Riots broke out in Darjeeling On June 8 as a response to Bengal’s now chief minister Mamta Banerjee on May 16 as declared that Bengali will be made compulsory for all students across the state. The GorkhaJanmuktiMorcha (GJM) which is a famous political party amongst Nepali-speaking Gorkhas in Darjeeling called for a protest on June 8. An ugly clash took place between the GJM members and the police. The army had to be called into action when things got out of control. By evening things were restored back to normal.
On 9th June GJM members called for a ‘bandh’ to protest against police’s indiscriminate actions on a peaceful protest. However, Mamta Banerjee regarded the ‘bandh’ as illegal and declared that strict legal action would be taken against those participating in the protest.
June 10 onwards, GJM General Secretary called for an infinite bandh on all government offices although hotels, schools, colleges and transportation were exempted from the same.
This chaos has created a situation of unrest amongst the tourists. As it is peak time a lot of tourists have gone to visit Darjeeling.

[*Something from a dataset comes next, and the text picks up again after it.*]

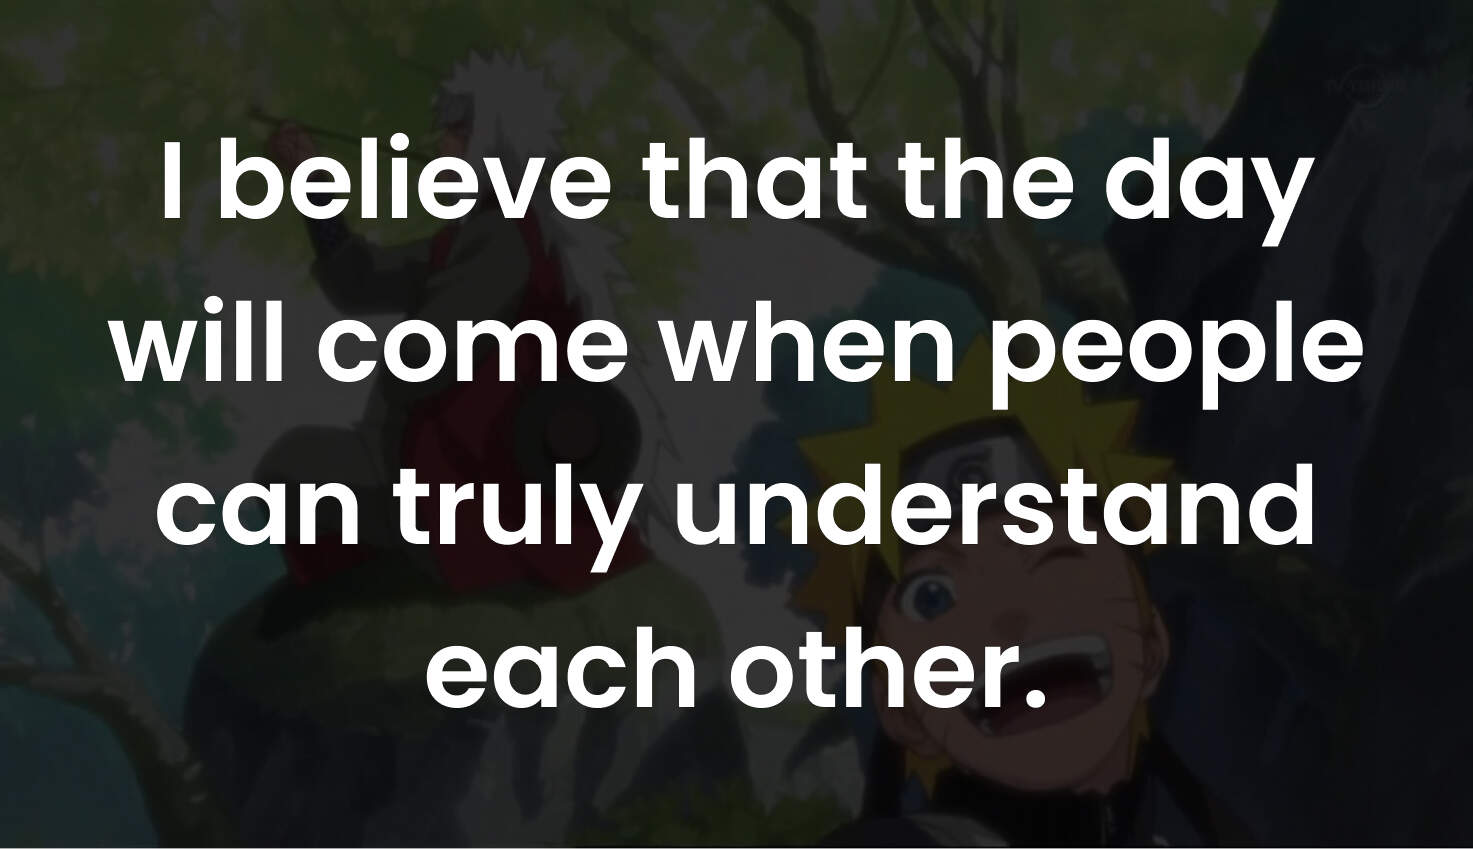 I believe that the day will come when people can truly understand each other.

Many of the tourists have cut short their vacation and returned home as soon as possible. Much more are still stranded due to lack of availability of tickets. Even though the CM ensured that arrangements have been made to get the tourists safely back to Siliguri and Calcutta from Darjeeling, yet a feeling of panic and fear has driven them to hurry up. These protests have been difficult not just for the tourists but also on other people working in hotels, as tourist guides, people having shops etc as their main source of income is during tourist months. Many people including army officials have been severely injured and the protest has also resulted in deaths. Currently, the situation in Darjeeling is very unstable and in ways fatal too.